I would encourage anyone who has reached this far in the article to take a trip back down memory lane to Fix Your Swing Parts 1 and 2 in the Golf School. There you will find the geometry of the golf swing explained with our old friend Freddy the Down and Out. This short article uses that geometry to set up a work station to encourage your swing to follow a better path.
The Enforcer is a very useful and cheap tool designed to work as a barrier to an OTT golf swing. In the photo below (Fig 1) I have used a golf box which is set up parallel to the swing plane, approximately an inch away from the golf ball. This gives plenty of room for the toe of the clubhead to pass through the impact zone without bashing the box. Instead of using a box I would suggest finding a 2*4 piece of pine wood which will last you many more sessions. A clubhead hitting pine will not do you or your clubhead any damage. A piece about half a meter long will be fine. Shorter bits can, by very errant golfers, be hit right at the end of the wood on the away from target side, hence longer is safer.

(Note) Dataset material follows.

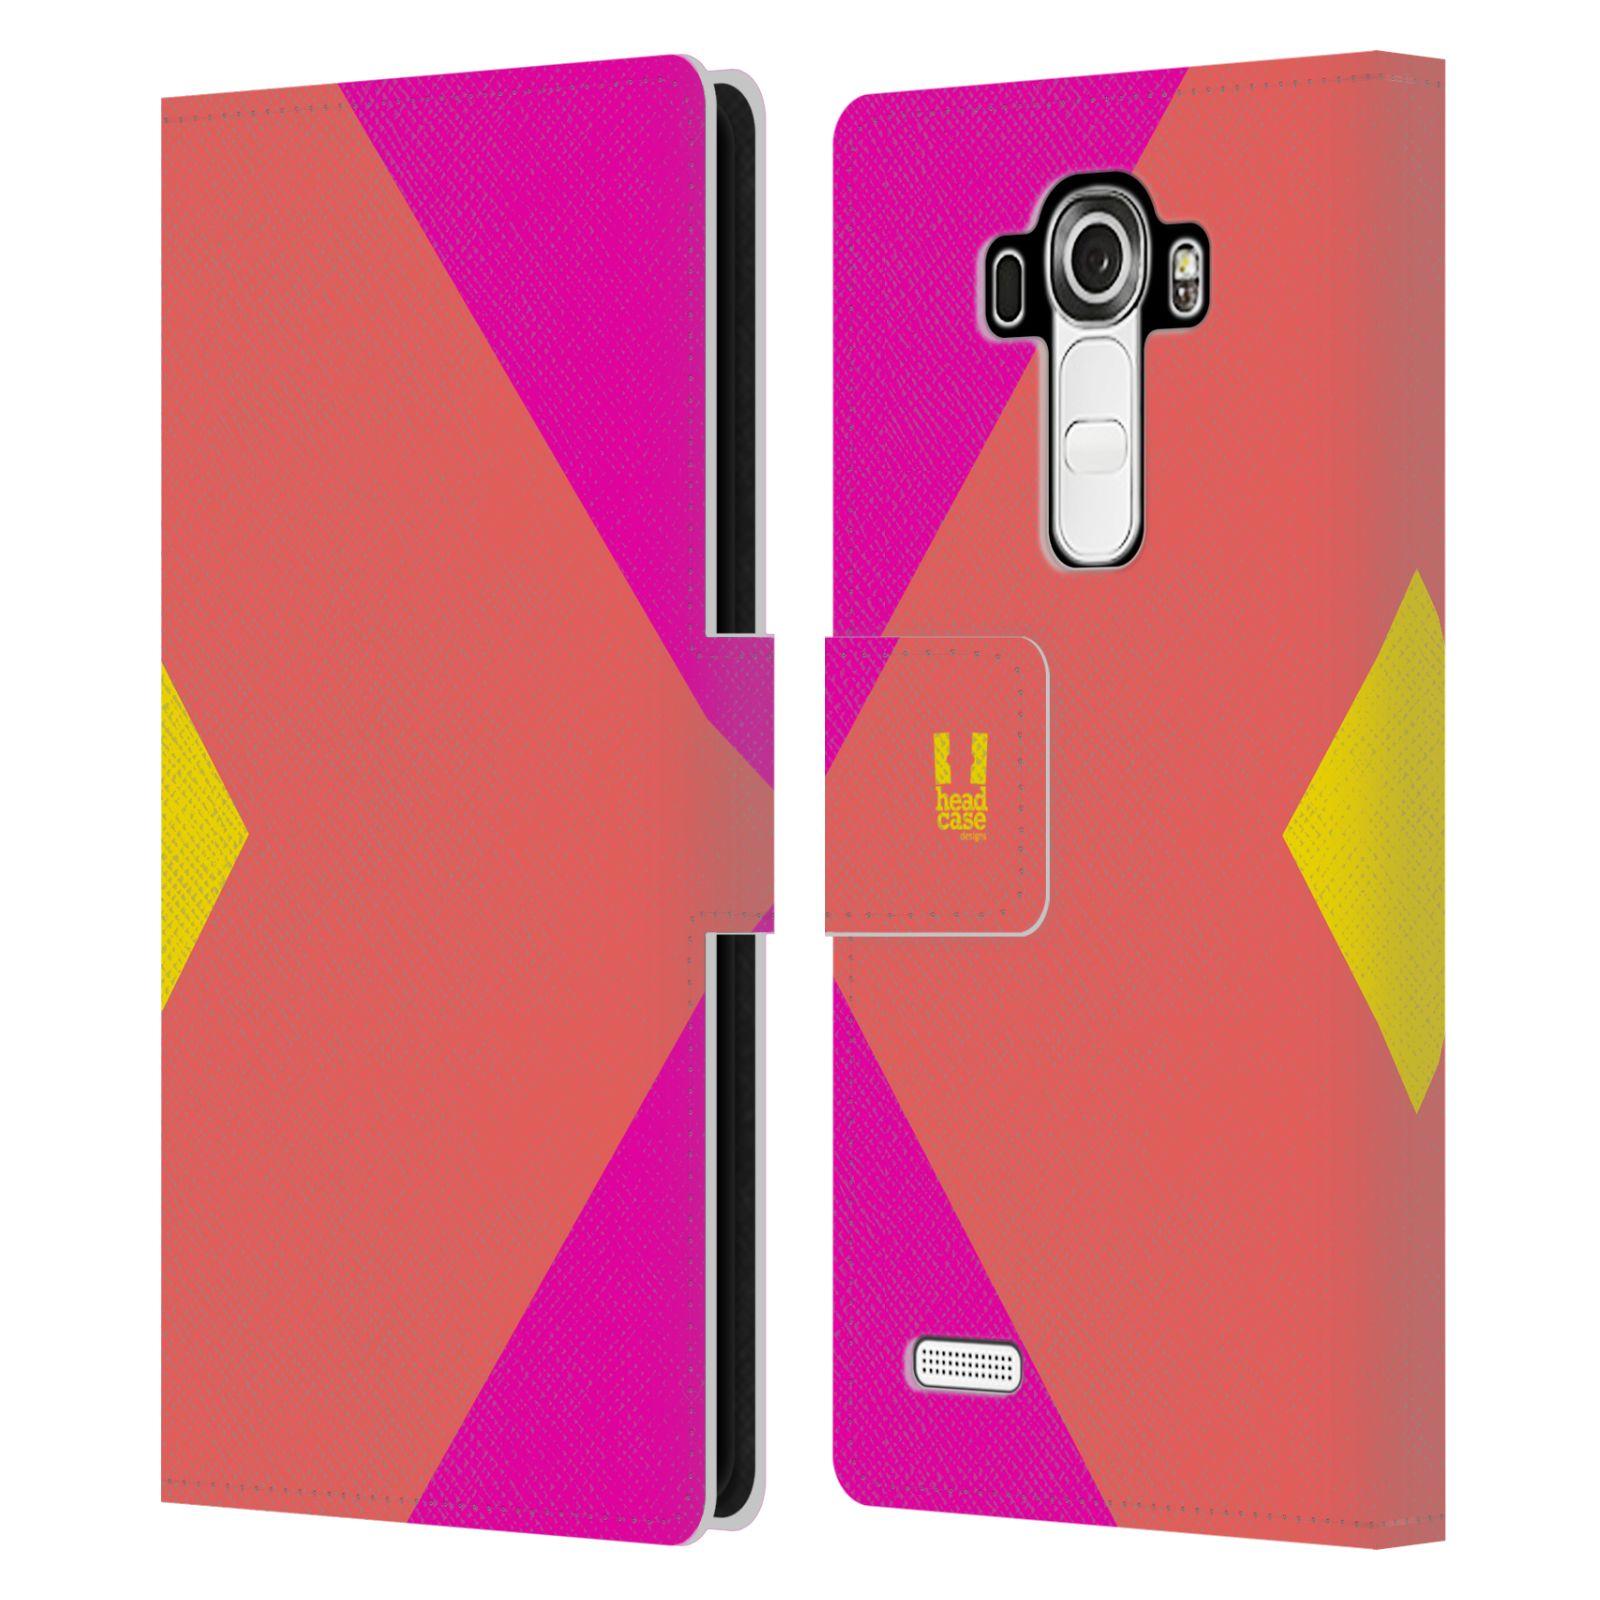 HEAD CASE Flipové pouzdro pro mobil LG G4 barevné tvary růžová korál

In this photo example have a wedge for the drill. The two dowels on the ground are laid out parallel to my shoulder line, which sets up the plane line that I wish to play down. The inside dowel represents the Visual Angle of Approach that my clubhead will cover on the way down plane. Yes it does look very Inside-Out but those of you who have also read in the Golf School the Flashlight drills within the Plane Series will grasp that the light beam of a flashlight has infinite length, but a golf club is a fixed length so visually although we are pointing at the base of the plane, the clubhead covers a slight inside line.

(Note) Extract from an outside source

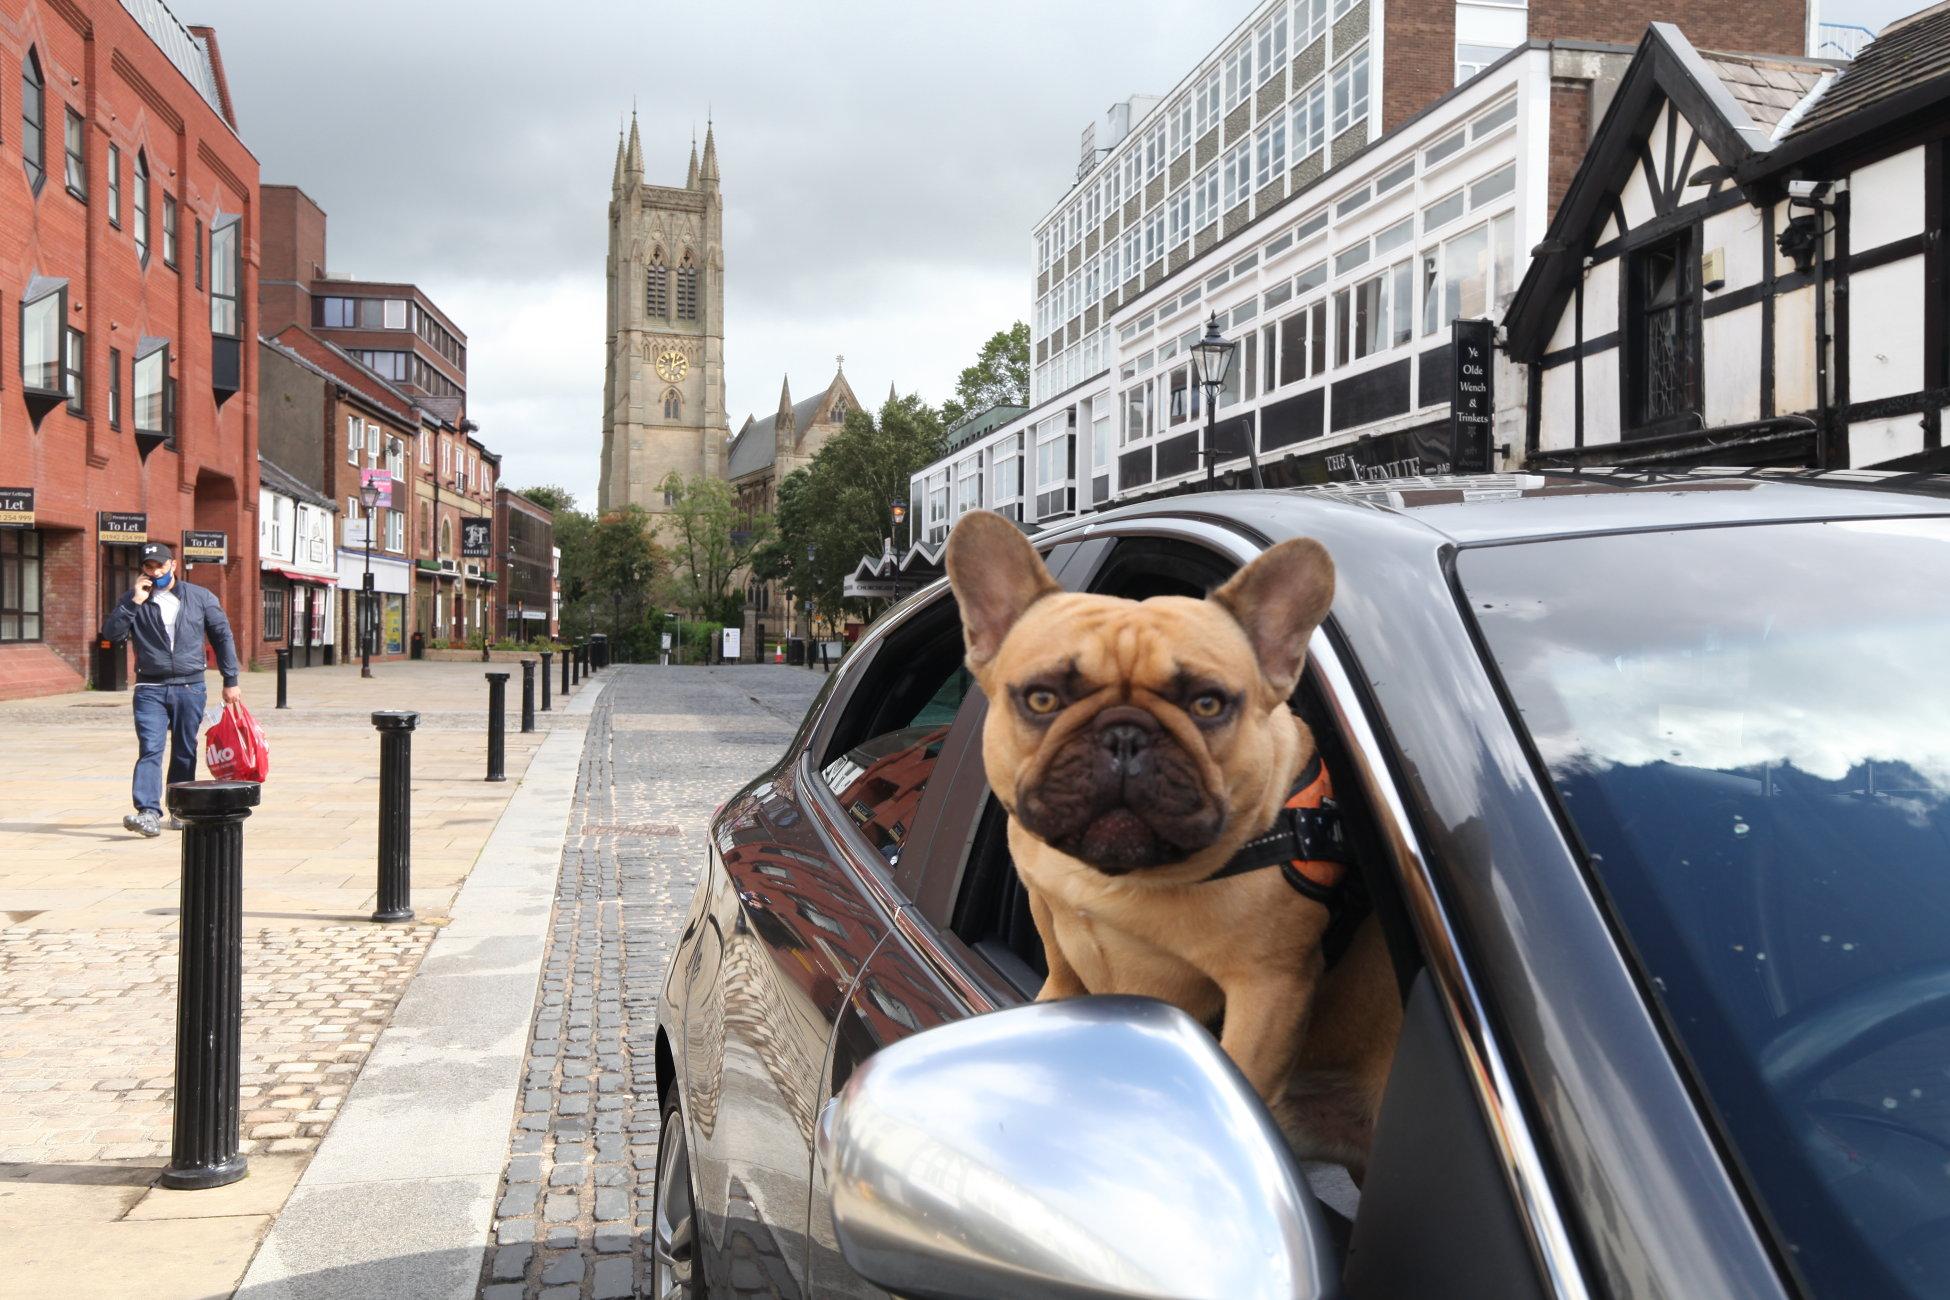 Dog in Bolton in the middle of Coronavirus lockdown

Remembering that the ball is not set up at the Low Point of the Arc of the Swing, the clubhead travels inside out from the all through that point. This is why the green tee is situated ahead and outside the ball in the photo. This is also why when using an enforcer that the ball should be positioned at the target side end of the box/wood as the clubhead toe will get closer to it after hitting the ball and we do not wish to kill the box with a good swing action.
A player who has an Over The Top action is going to hit the box/wood on the way to the ball. Negative reinforcement will quickly built towards a more inside out route to the ball.

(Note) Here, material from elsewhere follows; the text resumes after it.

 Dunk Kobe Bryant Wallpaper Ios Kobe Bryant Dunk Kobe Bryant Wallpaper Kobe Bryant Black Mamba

The idea is simply “Don’t Hit the Box”. Juniors in particular find their brain working out how to miss the barrier quickly.
One great use of this set up is that if you know you are not coming OTT into the impact zone, then ball flight actions cannot be a path issue because it has been ruled out. All that is left now is learning what your hands are doing coming into the ball. This is a great way to gain awareness of your hands. Snap hooks could be over active rolling of the hands. Slices hands opening though impact. You have narrowed down how to approach learning to deal with a small part of the puzzle.
The best way to get the most of this simple set up is to use it first chipping, then pitching, punching and into full shots. Building the length of the shots up focuses your learning in bite sized parts that you can first see where and what the clubhead is doing.